_REQUIRED WORK_. Give all of the listing again word for word, with images excluded.

--- DATASET SECTION Enclosed Below ---

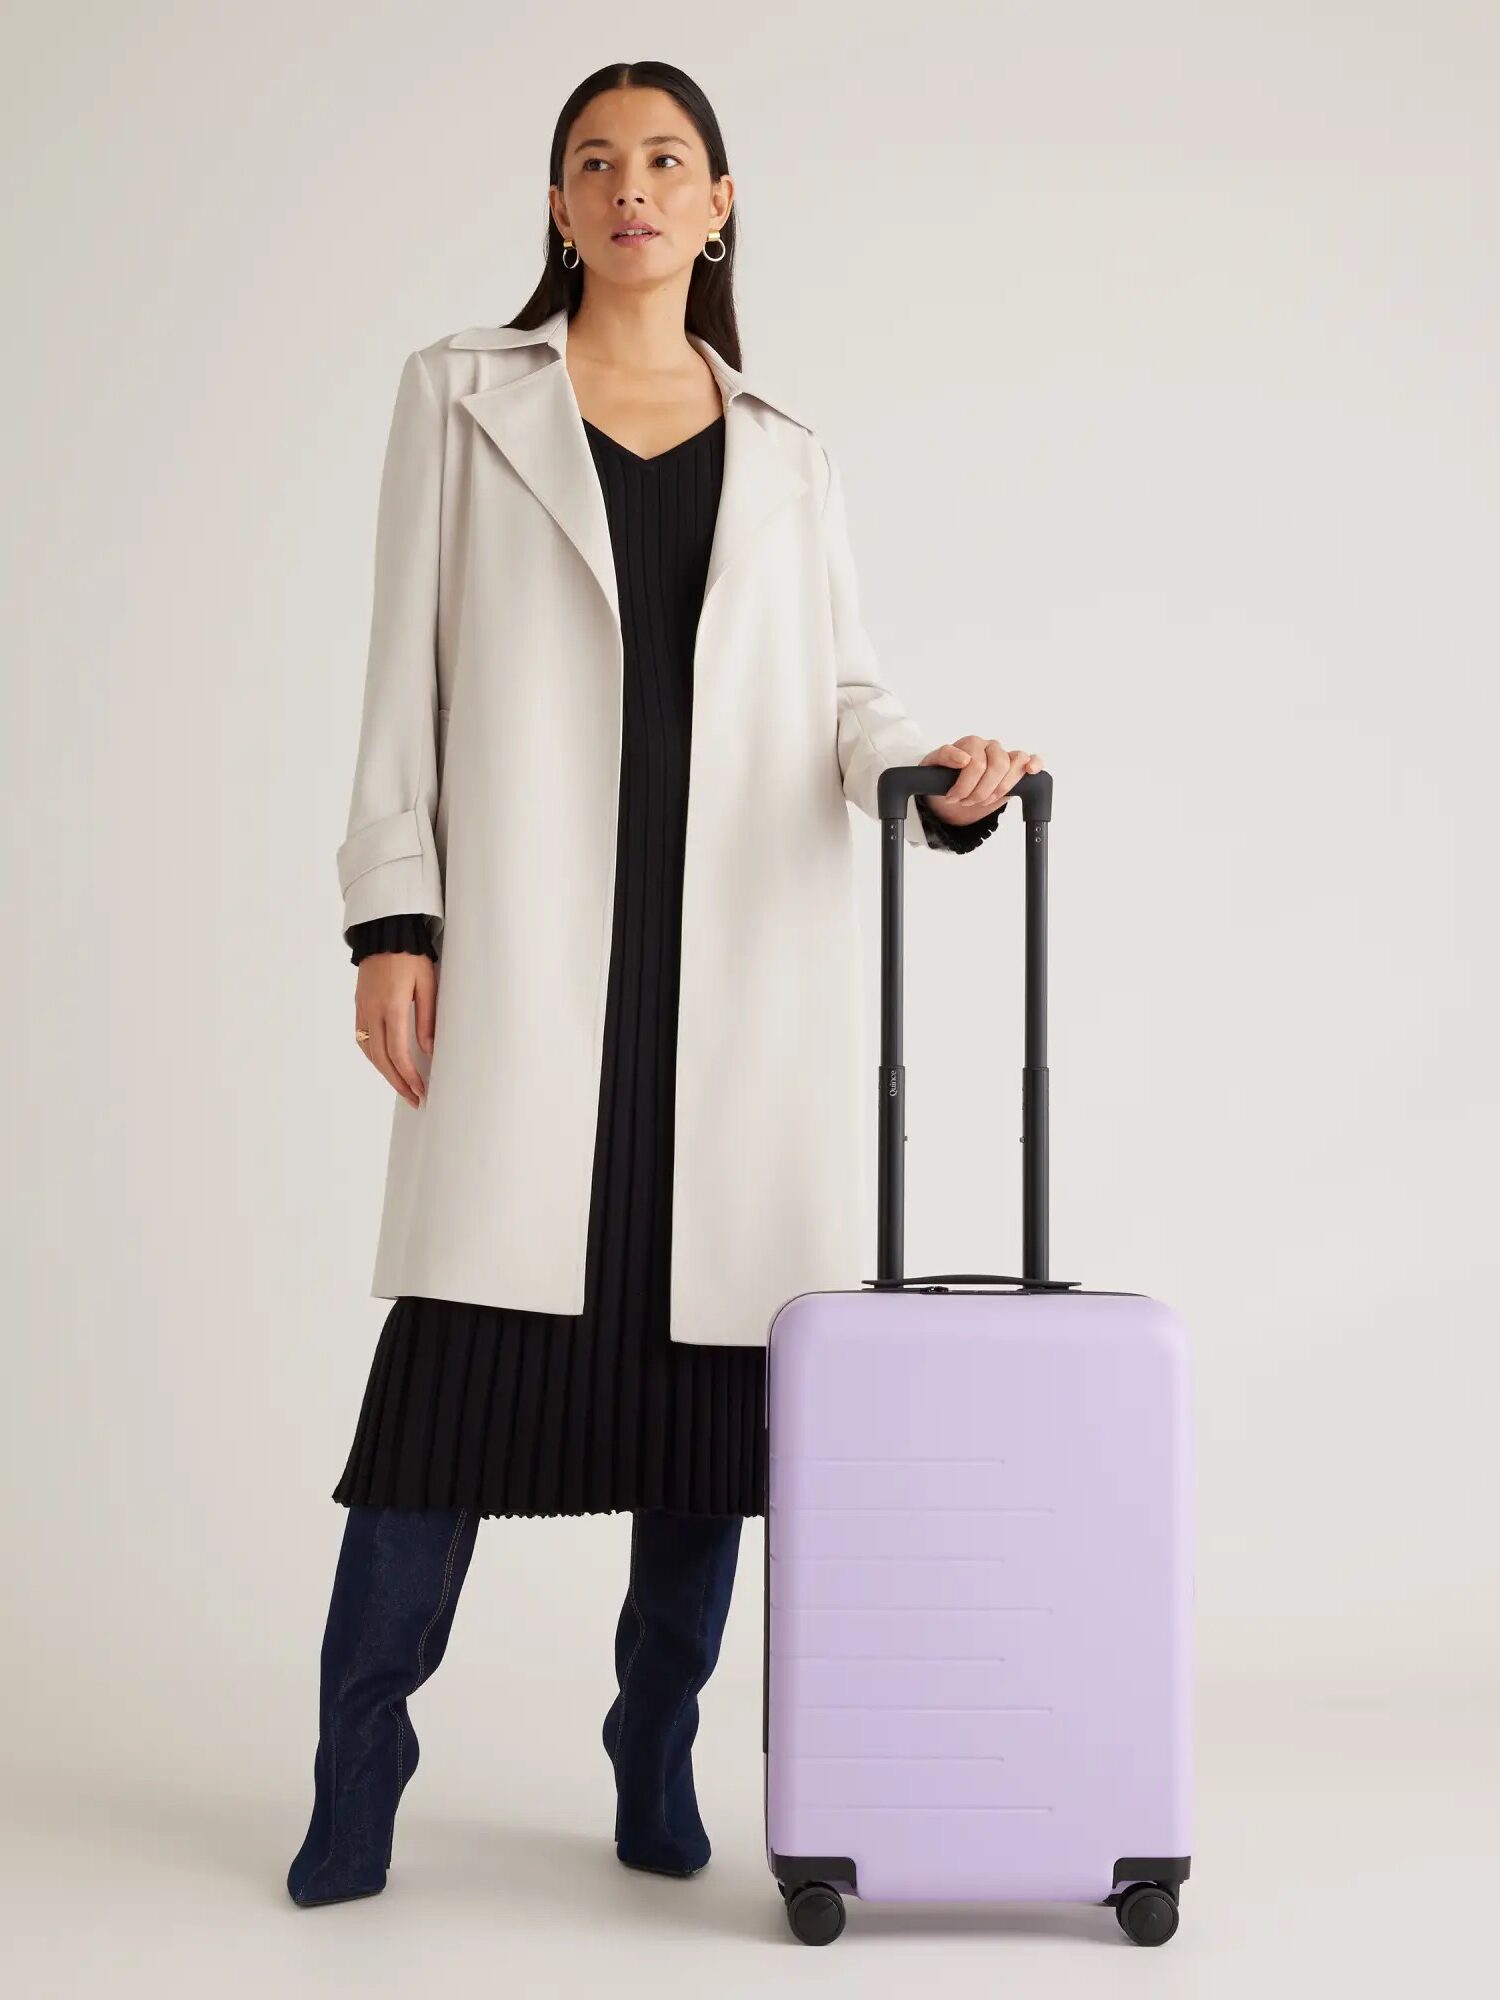 Woman in a stylish coat and boots standing with a purple suitcase, against a plain background.
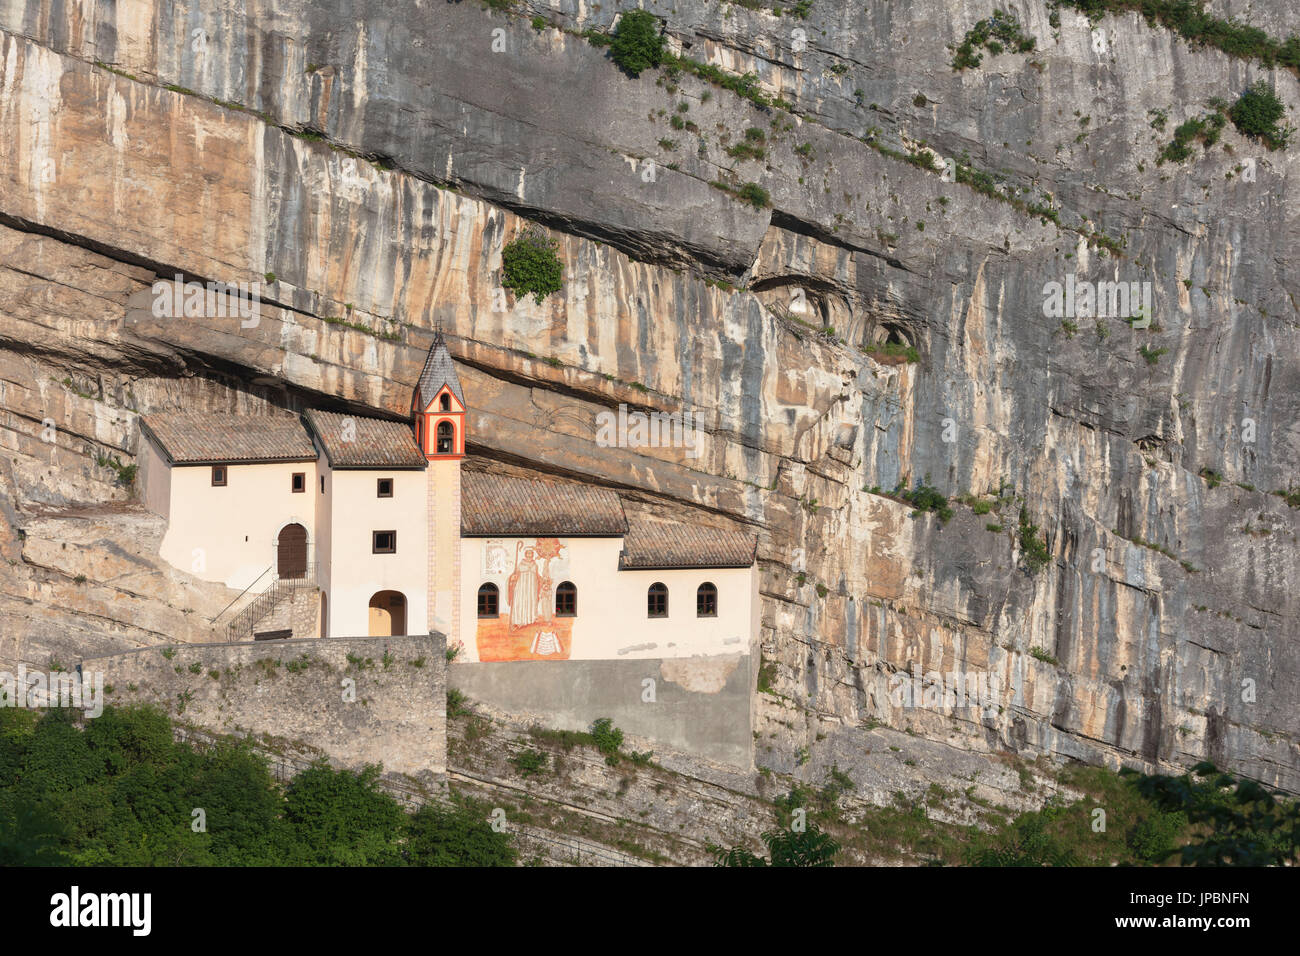 A view of Eremo di San Colombano, a monastery in Trambileno, Province of Trento, Italy, notable for its location in the side of a mountain. Stock Photo
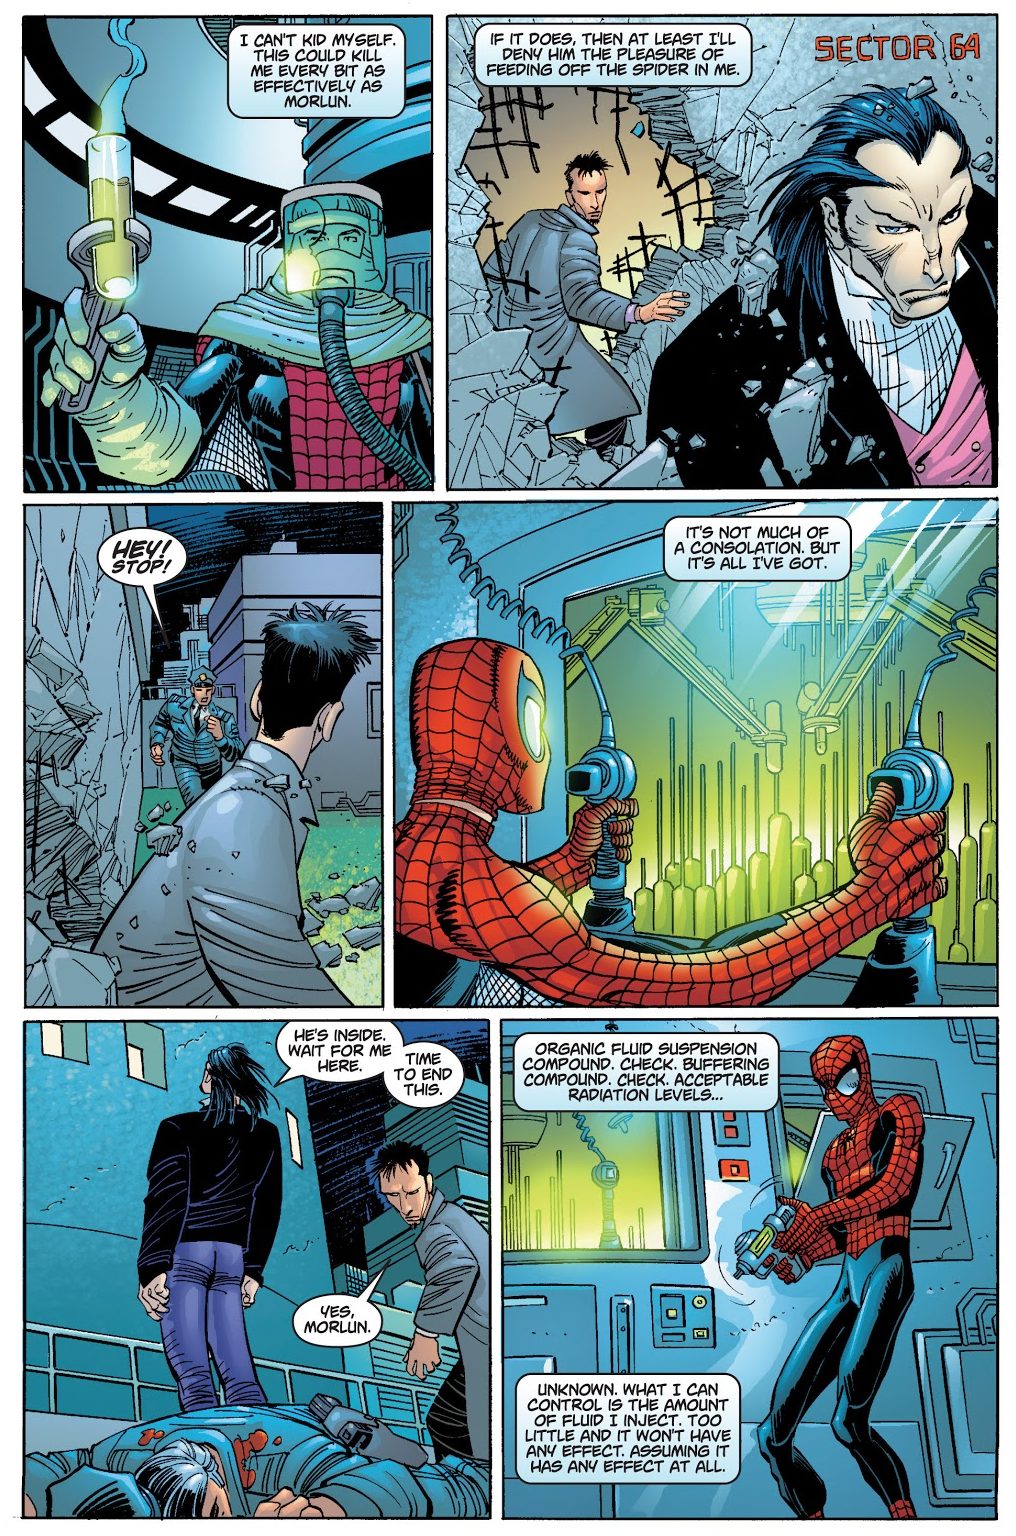 How Spider-Man Defeated Morlun
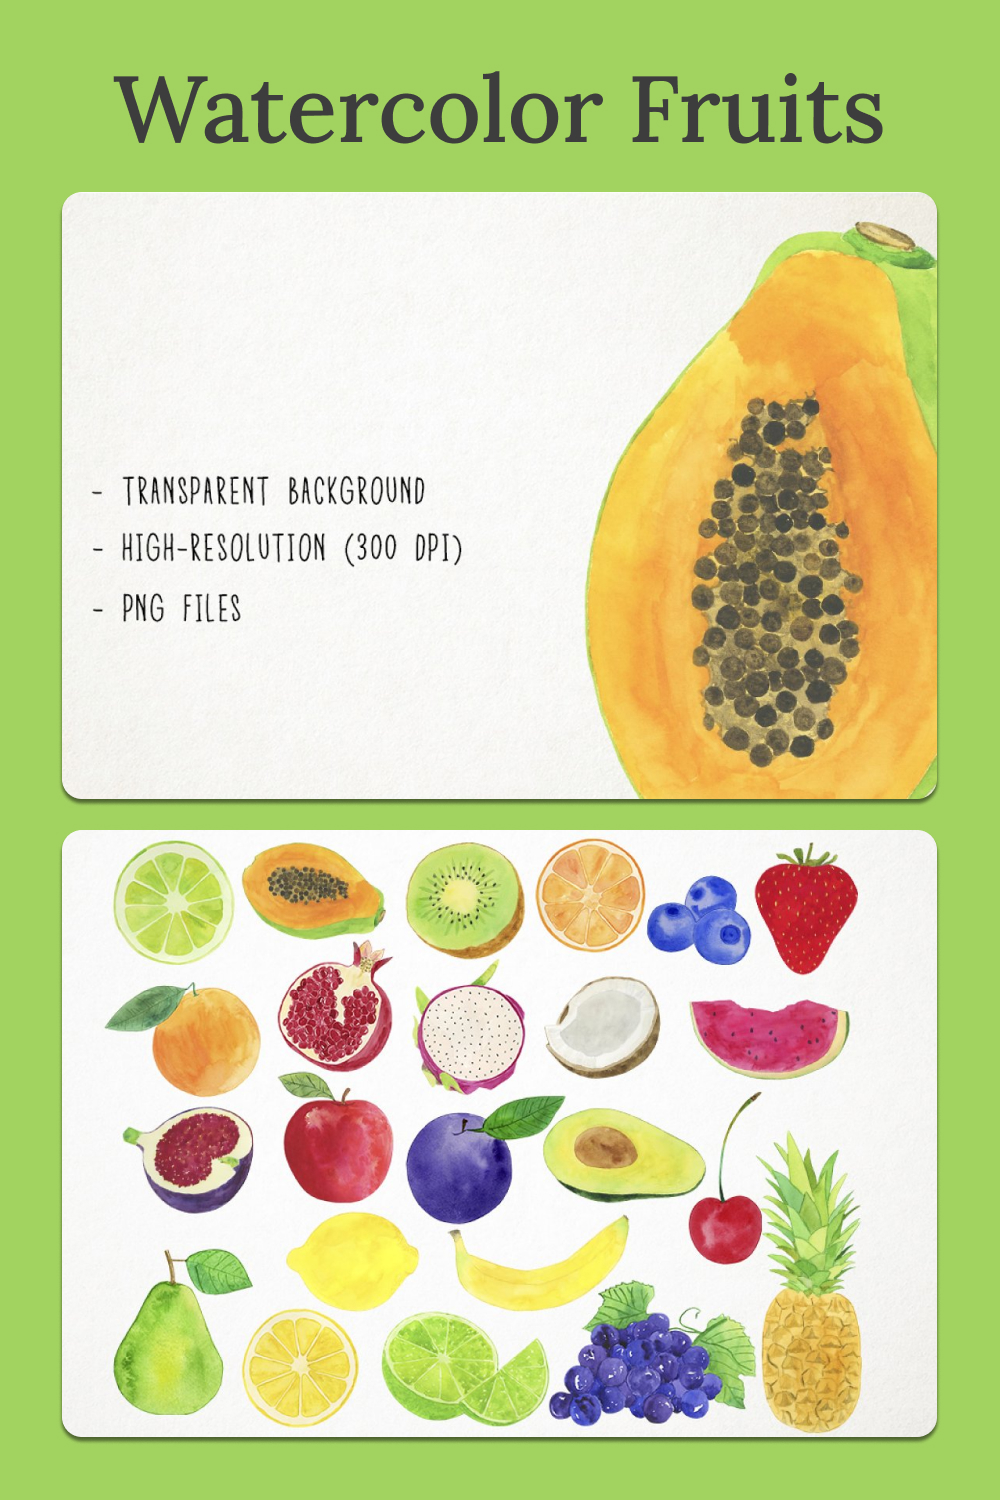 Watercolor fruits clipart of pinterest.

--- End of Enclosed DATASET SECTION ---

_YOUR SOLUTION_.
 Woman in a stylish coat and boots standing with a purple suitcase, against a plain background.
 A view of Eremo di San Colombano, a monastery in Trambileno, Province of Trento, Italy, notable for its location in the side of a mountain. Stock Photo
 How Spider-Man Defeated Morlun
 Watercolor fruits clipart of pinterest.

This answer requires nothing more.